CHRONIQUE. Des scientifiques des Universités de Göteborg et de Stockholm ont observé que les mâles drosophiles ont développé une vision aiguisée pour contrer les stratégies des femelles qui cherchent à les leurrer. Ces résultats sont publiés dans la revue scientifique «Evolution»
Pour séduire une femelle, tout est affaire de cadeau nuptial chez les drosophiles, petite mouche du vinaigre. Les mâles se doivent d’offrir une savoureuse proie en guise de préambule s’ils espèrent conclure. Un rituel bien rodé au point que, durant leurs courtes vies, les femelles ne cherchent pas de nourriture par elles-mêmes, se contentant des présents qui leur sont destinés pour obtenir un apport énergétique suffisant afin de pondre leurs œufs. Les mâles s’y retrouvent puisque en nourrissant l’objet de leur convoitise, ils pourront fertiliser ses œufs et ainsi transmettre leurs gènes.
Pour ce faire, les mâles sélectionnent soigneusement leur «proie»: une femelle prête à se reproduire. Ils choisissent donc une mouche relativement grosse, avec un ventre bien rond qui indique que les œufs sont prêts à être pondus.
Mais un jour… certaines cibles se sont mises à tricher! De jeunes femelles pas encore fertiles gonflent leur abdomen et développent davantage de poils afin de paraître plus grosses. En agissant de cette manière, elles s’assurent un festin auprès de mâles naïfs et pourront plus tard pondre davantage d’œufs.
Les mâles, eux, ne tirent aucun avantage à nourrir des femelles qui ne se reproduisent pas avec eux. Les scientifiques des Universités de Göteborg et de Stockholm ont alors observé que la riposte s’organisait. Au fil des générations, les mâles sont en effet en train de s’adapter.
L’équipe de recherche a observé que chez les espèces de drosophiles dont les femelles avaient davantage recours à des feintes pour paraître plus grosses, les mâles avaient de plus gros yeux. Et les mâles avec les yeux les plus gros avaient un meilleur succès reproductif que les autres. Pourquoi? Simplement parce qu’ils ont une vue plus aiguisée qui leur permet de repérer les tricheuses et d’identifier les femelles réellement prêtes à pondre.

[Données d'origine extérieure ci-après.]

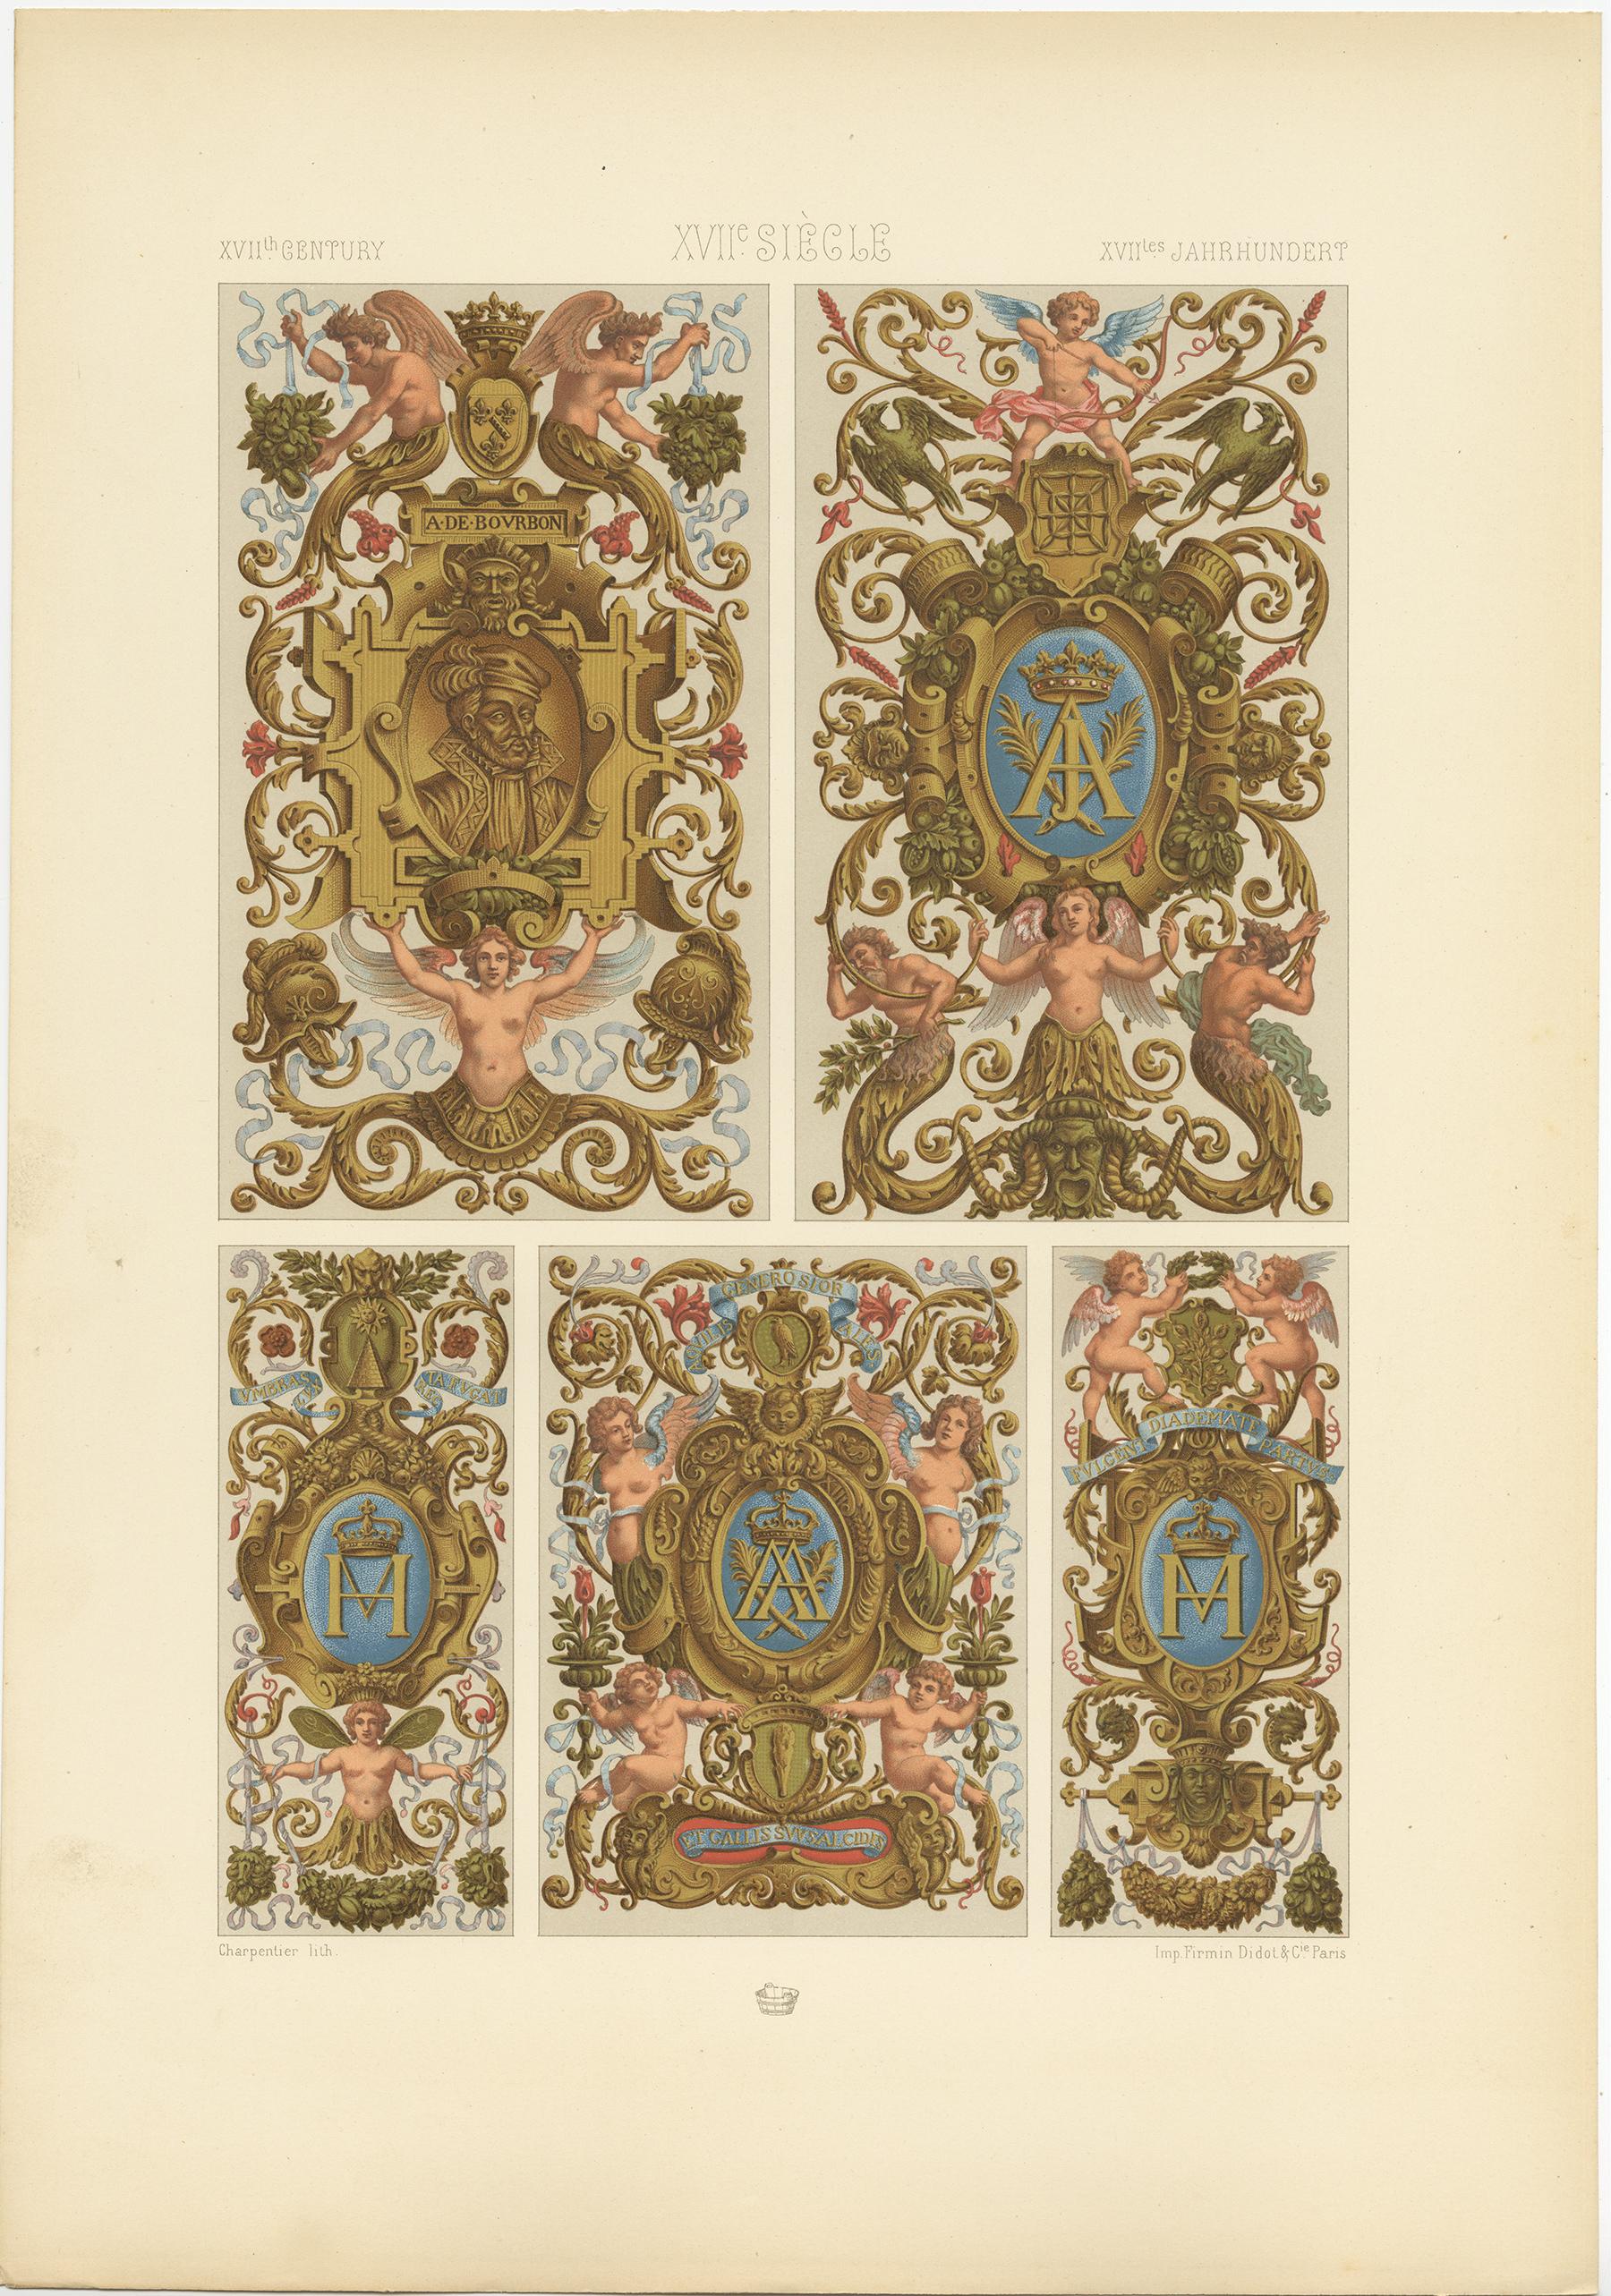 Antique print titled '17th Century - XVIIc Siècle - XVIILes Jahrhundert'. Chromolithograph of decorative paintings from the palace Fontainebleau ornaments. This print originates from 'l'Ornement Polychrome' by Auguste Racinet. Published circa 1890.

C’est donc un phénomène évolutif que les scientifiques observent presque en temps réel, grâce à la très courte durée d’une génération chez les mouches. Dans un premier temps, les femelles qui réussissaient à leurrer les mâles ont été avantagées par sélection naturelle. Dans un second temps, les mâles ayant la vue la plus aiguisée sont favorisés au fil des générations parce qu’ils réussissent mieux à se reproduire. C’est une vraie course aux armements évolutive entre mâle et femelle.
Et les scientifiques s’attendent à ce que cette course se poursuive. Alors, quel sera le prochain coup des femelles pour contrer la vue aiguisée des mâles? Les chercheurs l’ignorent, mais ne doutent pas qu’elles développeront de nouvelles stratégies… Affaire à suivre.